While we tried to launch this quickly, we weren’t able to go to market before the funds in the CARES Act were depleted. As a result, we pivoted to focus on making a white label application with both lender-facing and customer-facing interfaces that helped with loan forgiveness.

Approach #

To that end, we focused our efforts on the fields that were required for the initial application. We did this in hopes of getting close enough so that we could move quickly when forgiveness details were announced.

Decode Complexity #

Working closely with experts in the industry (including direct counsel from the United States Treasury), the product manager and I decoded a complicated workflow and successfully modernized it.

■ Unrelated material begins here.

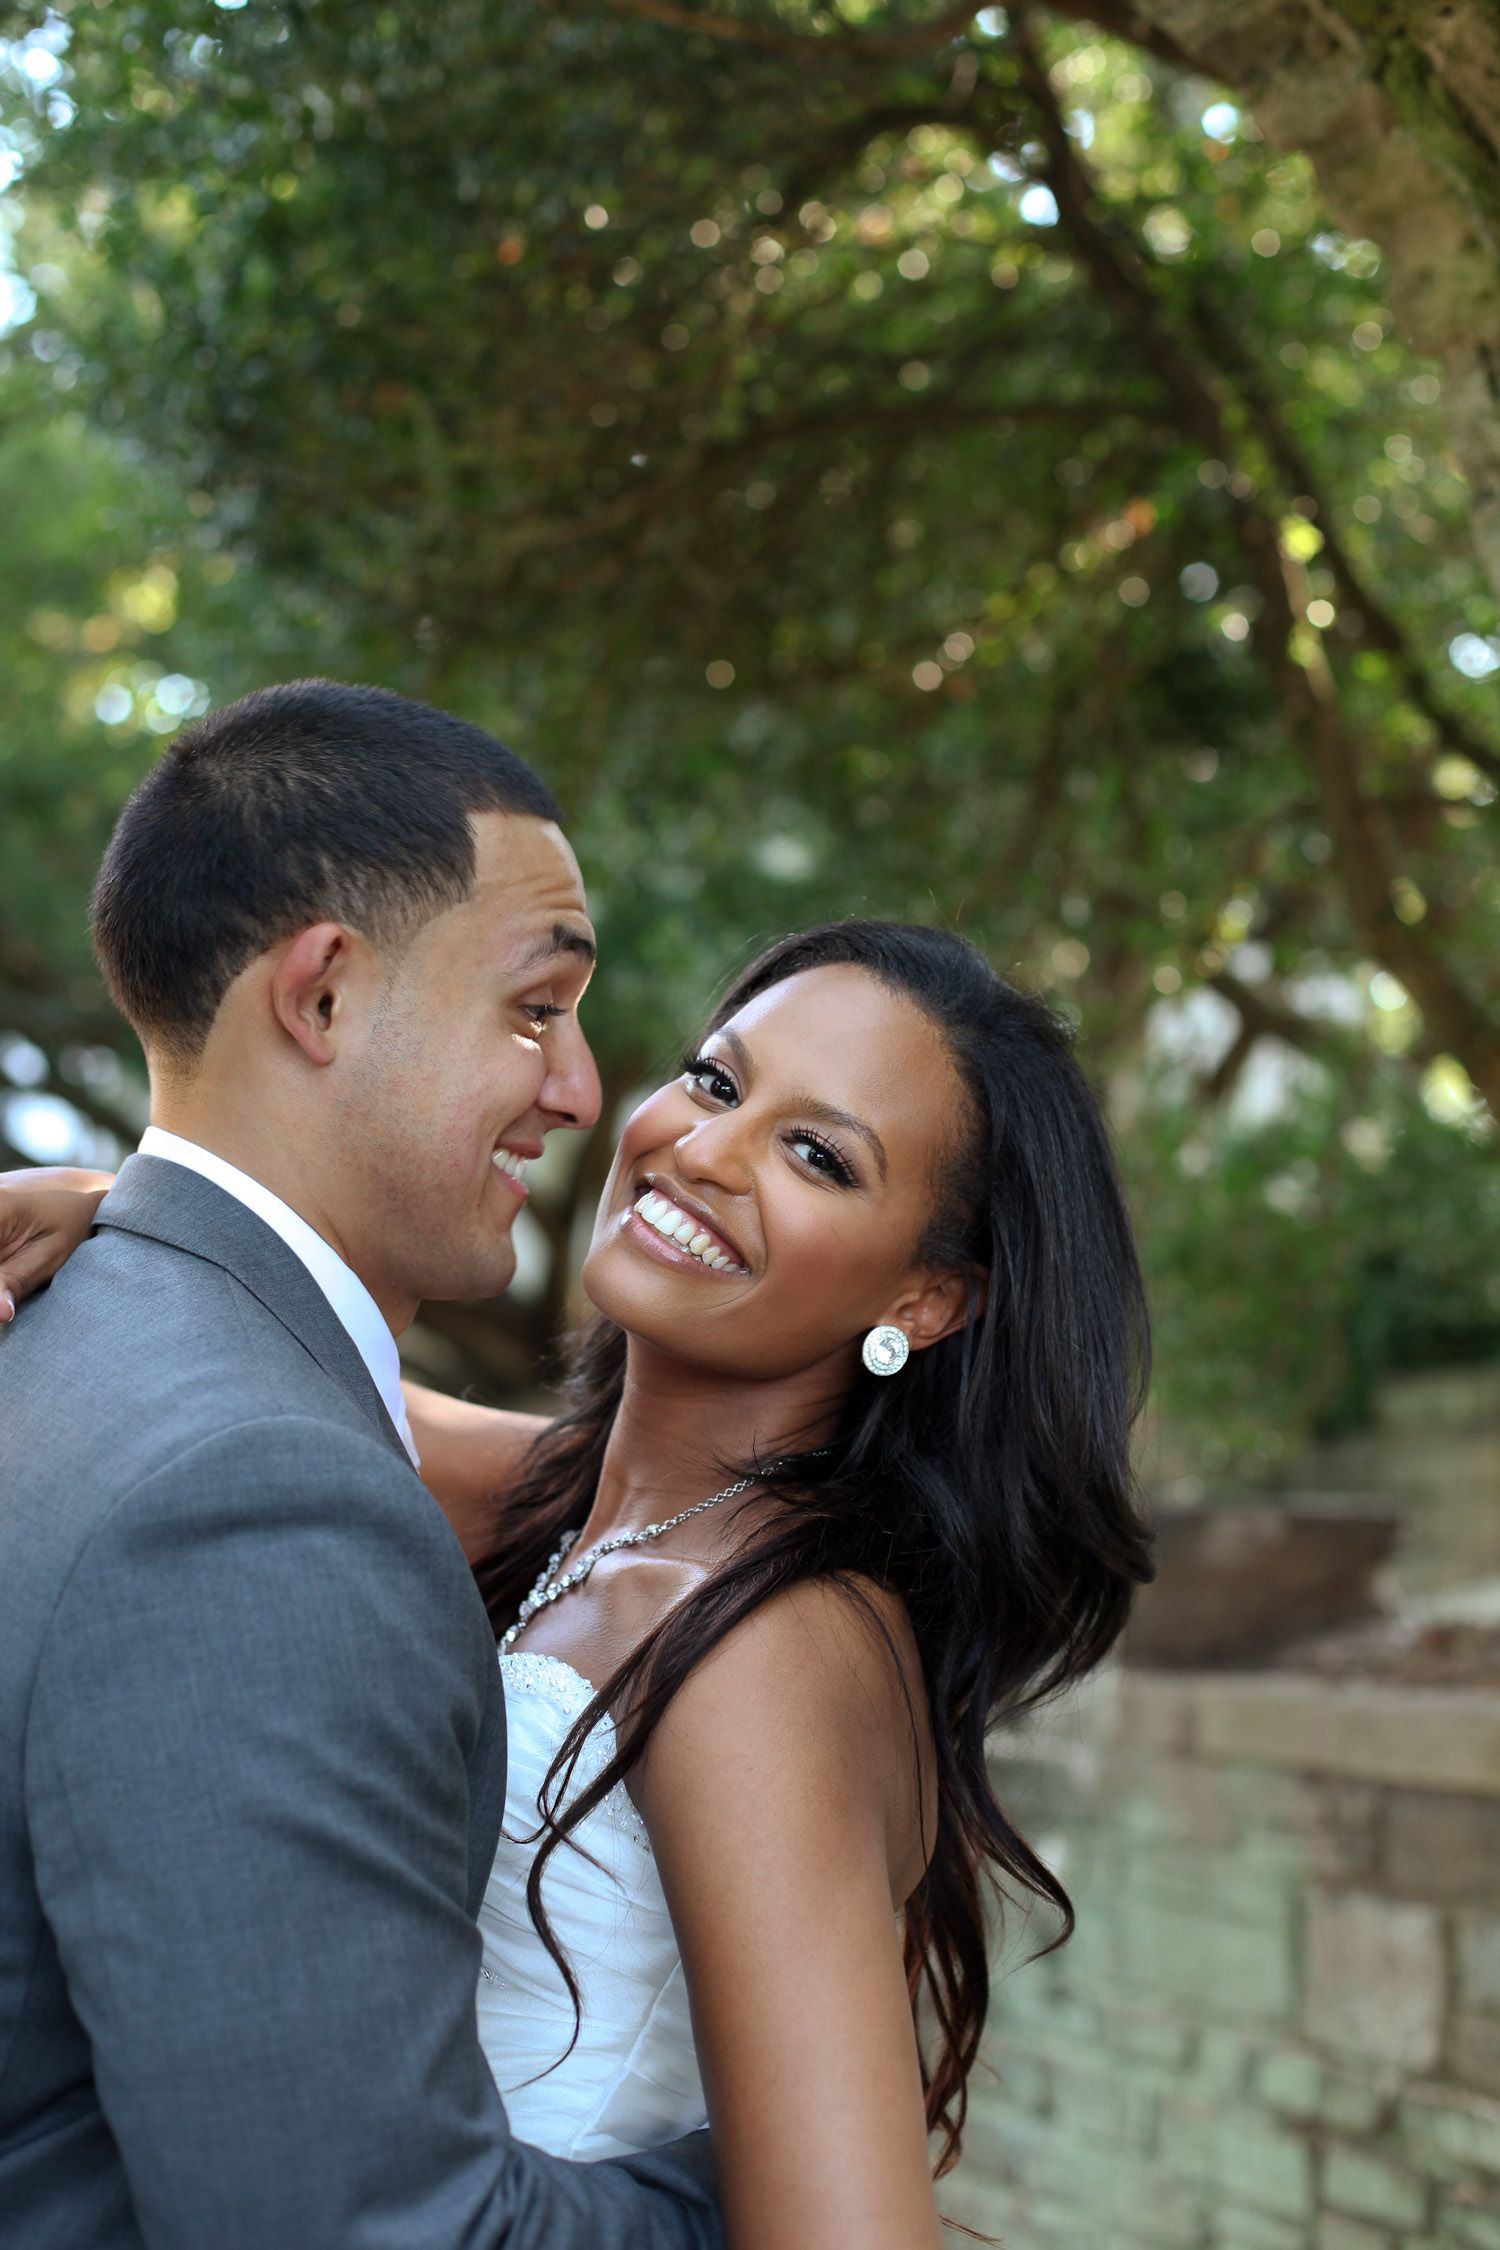 Ethio love dating

Now, instead of tiny PDF form fields that a person would need to squint over, we made them accessible and easy to use. Not only that, we could easily localize it to the person’s preferred language. The outcome was a completed PDF that could be reviewed and submitted for forgiveness.

Help Lenders and Borrowers #

I also designed the form to allow for a non-linear path so that a loan advisor could review the customer’s information before sending it off for final approval. This meant I needed to allow for messaging, so we created an equally robust lender-facing interface.

Underlying all of this was a solid design system that allowed product managers and even engineers to prototype workflows in Figma. We had loads of fun, and it felt like we got to really do some good for people.

Results #

We successfully sold this to several financial institutions and helped thousands of people successfully apply for loan forgiveness.